FEATURED_Use-These-Tips-to-Create-a-BackstoryBackstory. It’s the best tool you have to develop relatable, realistic, three-dimensional characters for your novel.

But, writing a backstory is easier said than done, and that’s why so many writers simply don’t do it.

Sketching out a backstory is not the sexiest part of writing a novel. Investigating motivations, creating genealogies, understanding the socio-political landscape of the world you’re creating— that’s pretty heavy stuff, especially since most of it won’t even make it into your novel.

So, what’s the point?

As we’ll discuss below, it’s all about crafting a realistic character, someone your audience will believe truly exists in the world that you’ve created. That’s no small feat, and it requires enormous backstory to pull off. But when you do, you’ll reward readers with a character driven story, not one that relies on cliched plot devices. That’s so much more satisfying.

I’m sure you have questions, so let’s discuss exactly what I mean by backstory, along with a few of my favorite tips for creating one.

What is a backstory?

A backstory is the history of the character. It addresses the following:

  • Who the character is
  • Why the character is the way he or she is

It’s an origin story, pure and simple.

The most comprehensive backstories start from the very beginning of the character’s life and ends the moment that your novel begins. It’s generally in chronological order, but not necessarily written in narrative form. It can be a collection of data, such as keystone events, names and dates.

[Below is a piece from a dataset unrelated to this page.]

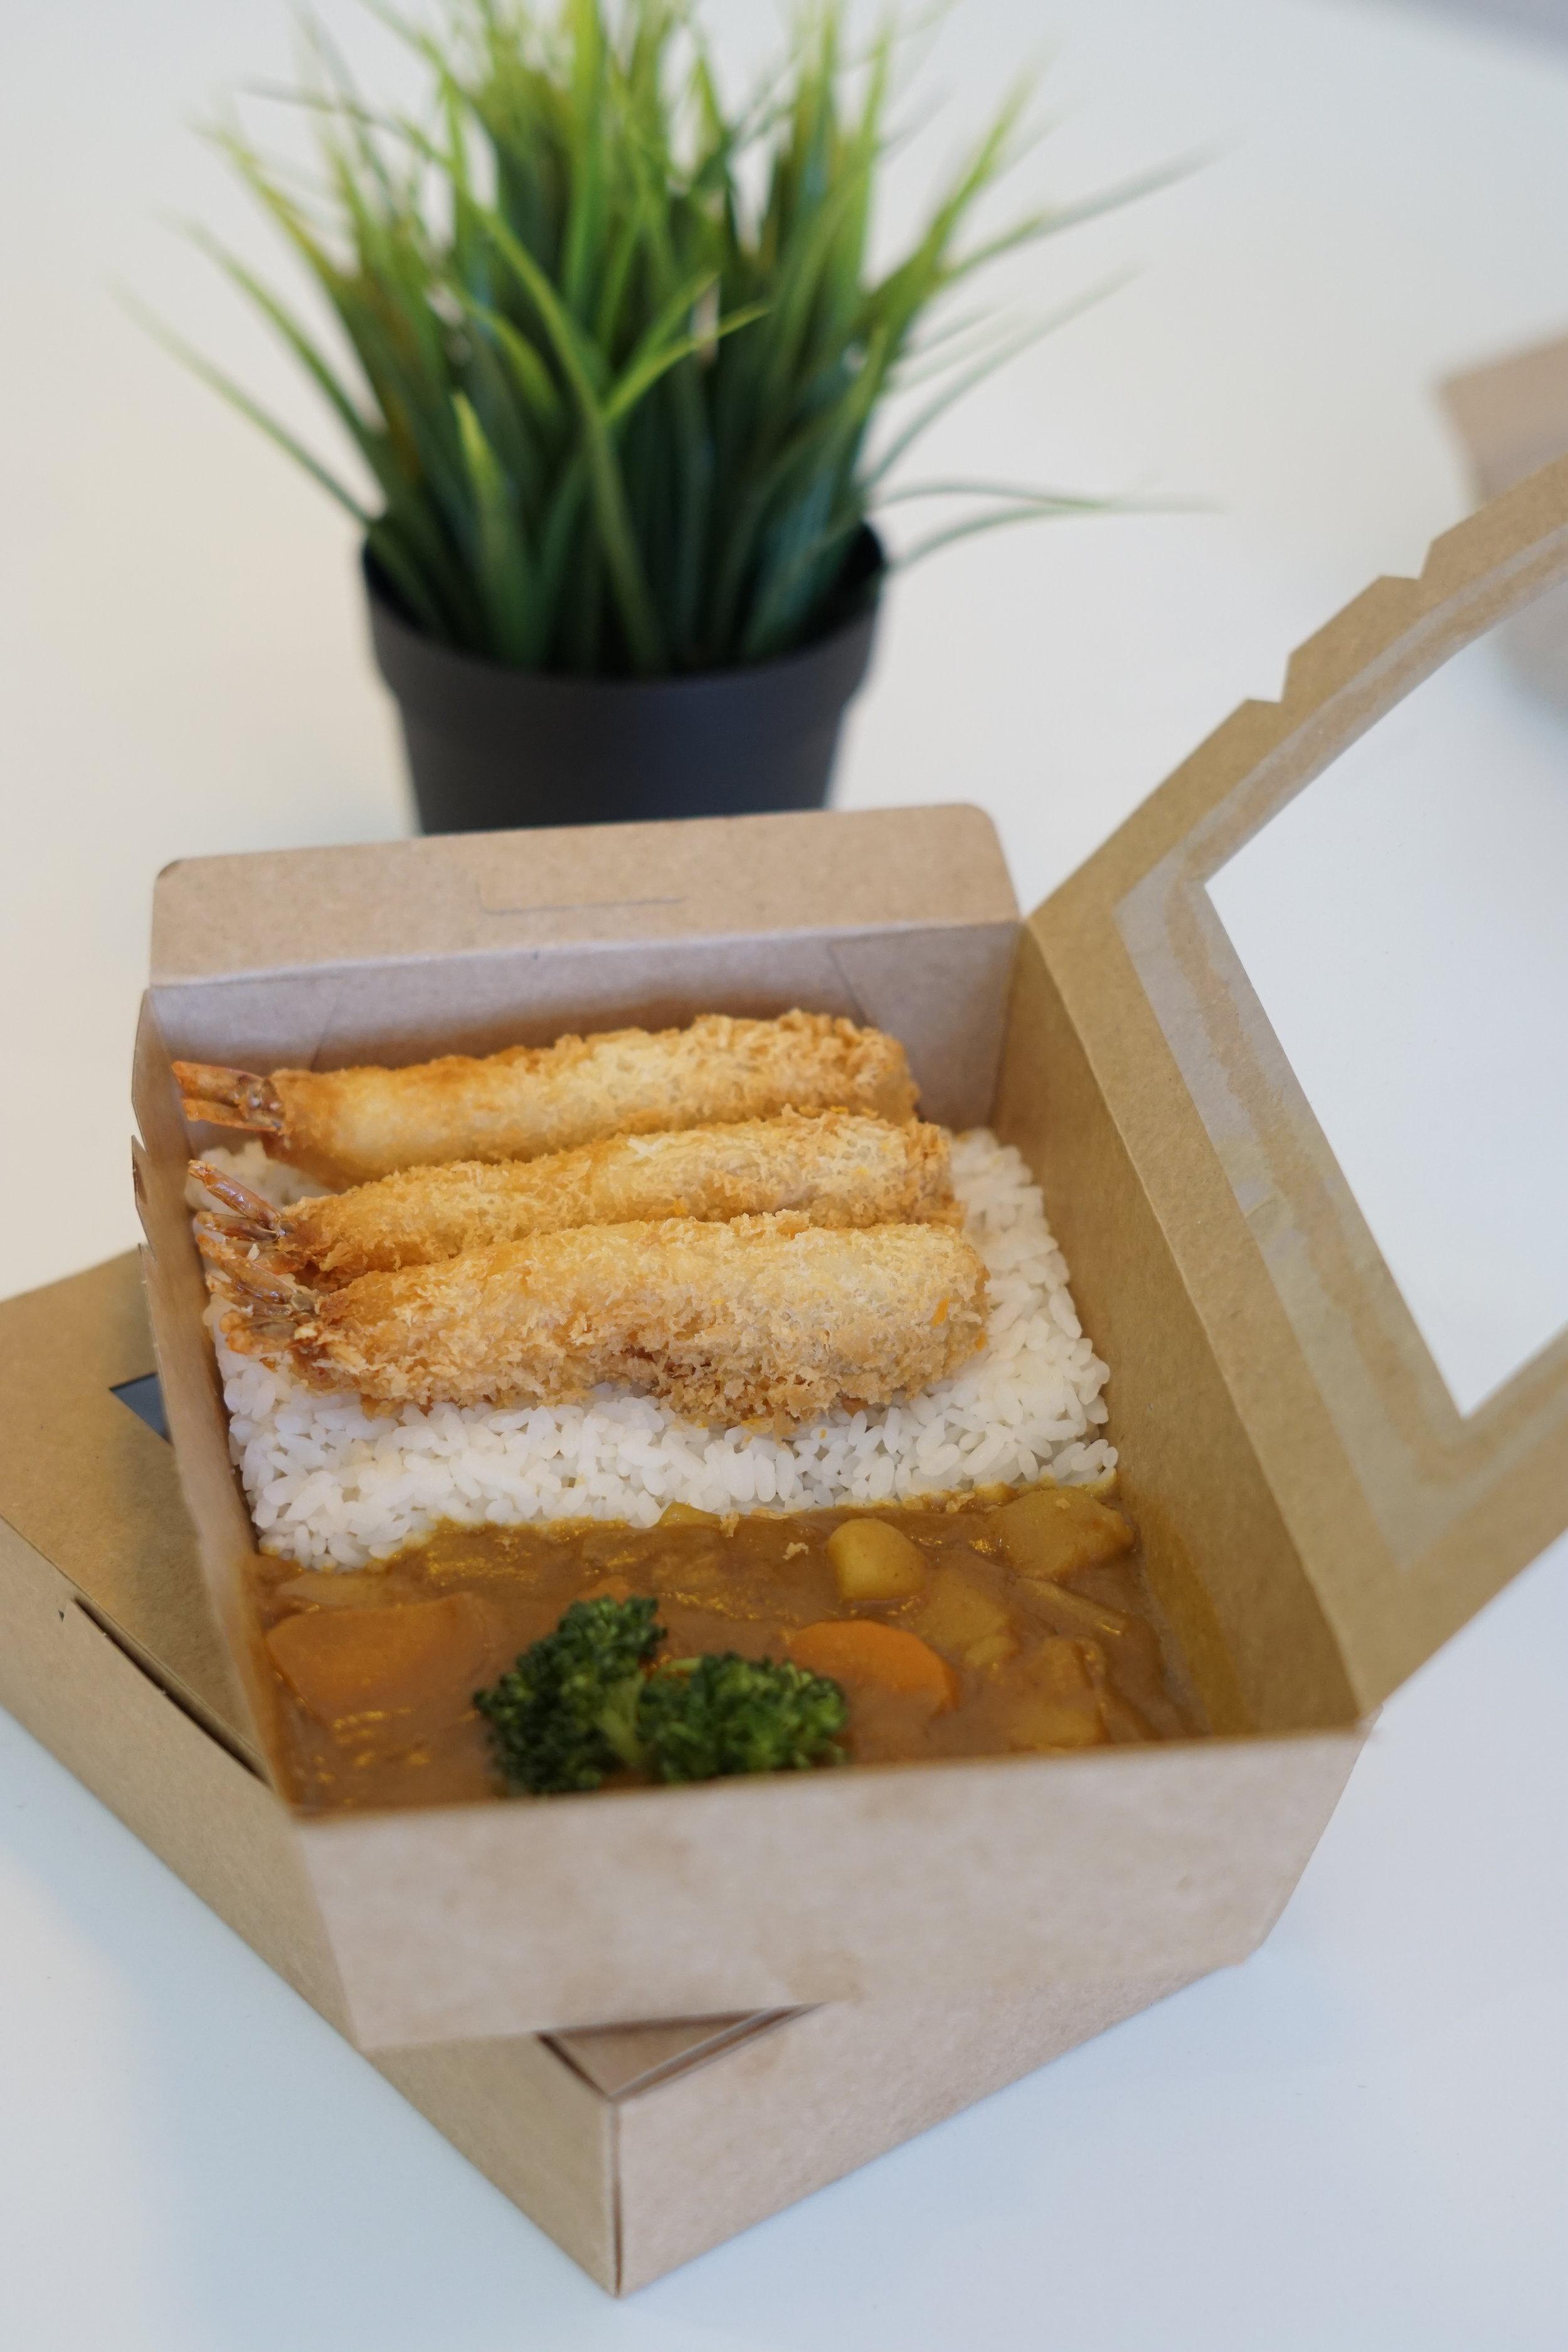 炸天婦羅蝦便當| Fried Tempura Prawn Bento | 唐揚げ天婦羅エビ弁と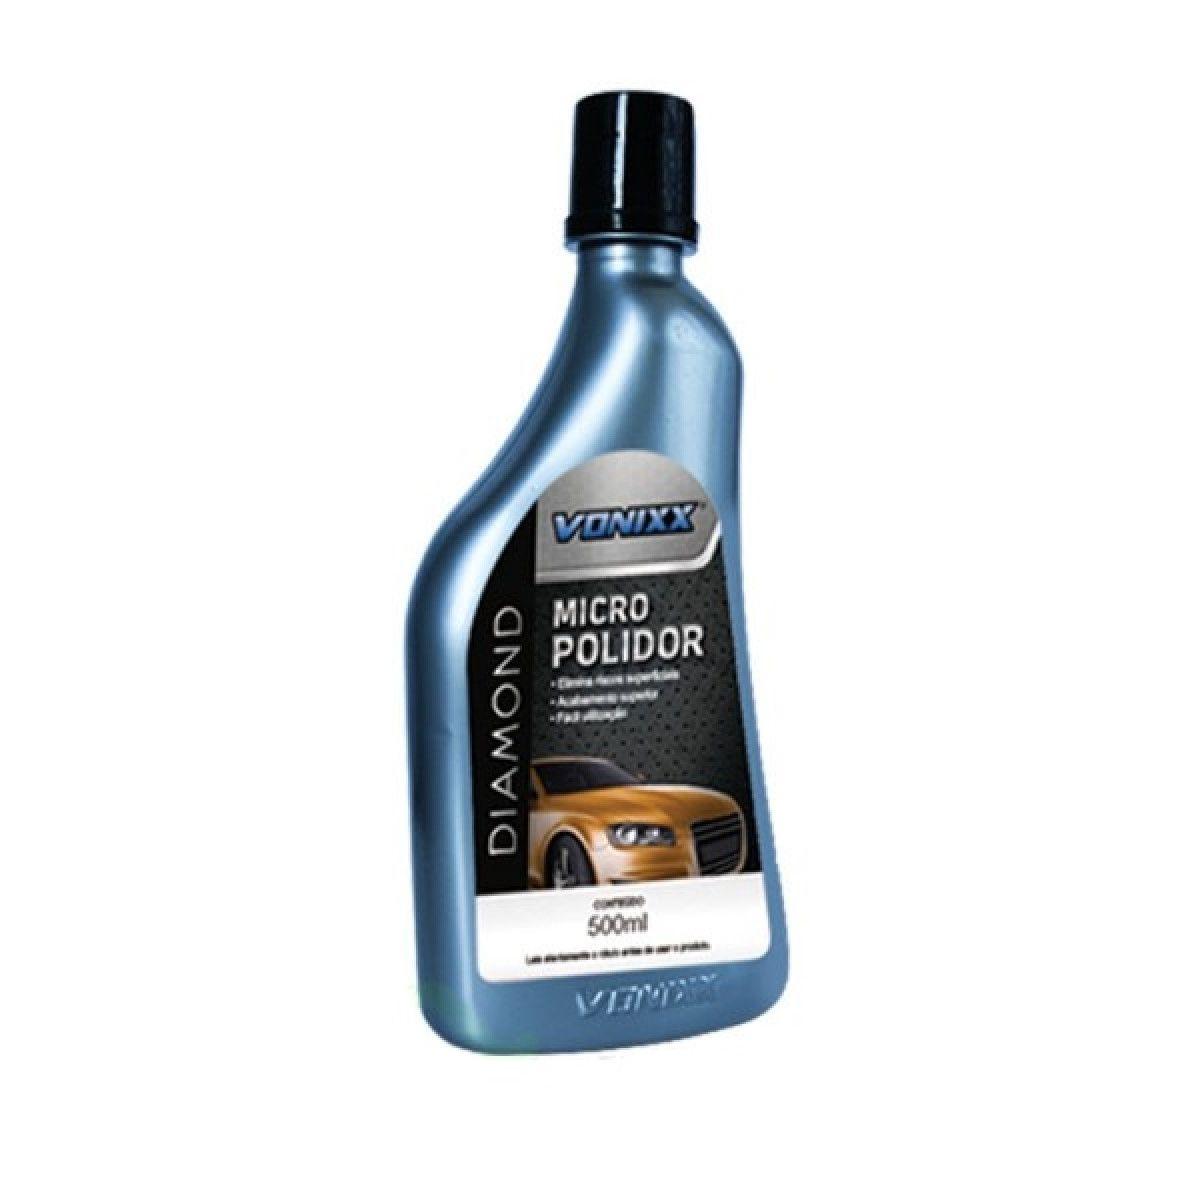 Micropolidor Vonixx 500 ml

1. The backstory doesn’t always need to be shared

Most backstories are just for your eyes only.

You can create a complex, rich, hauntingly beautiful backstory for your characters, but that doesn’t mean it should be in your novel.

Far too often, authors try to insert a compelling backstory into their novel. The result? It weighs down the story and slows pacing to a grinding halt.

It’s the literary equivalent to force-feeding your reader when he’s not hungry.

I know it’s hard, but resist the urge to add your backstory to your novel unless it’s something that the reader truly needs to know.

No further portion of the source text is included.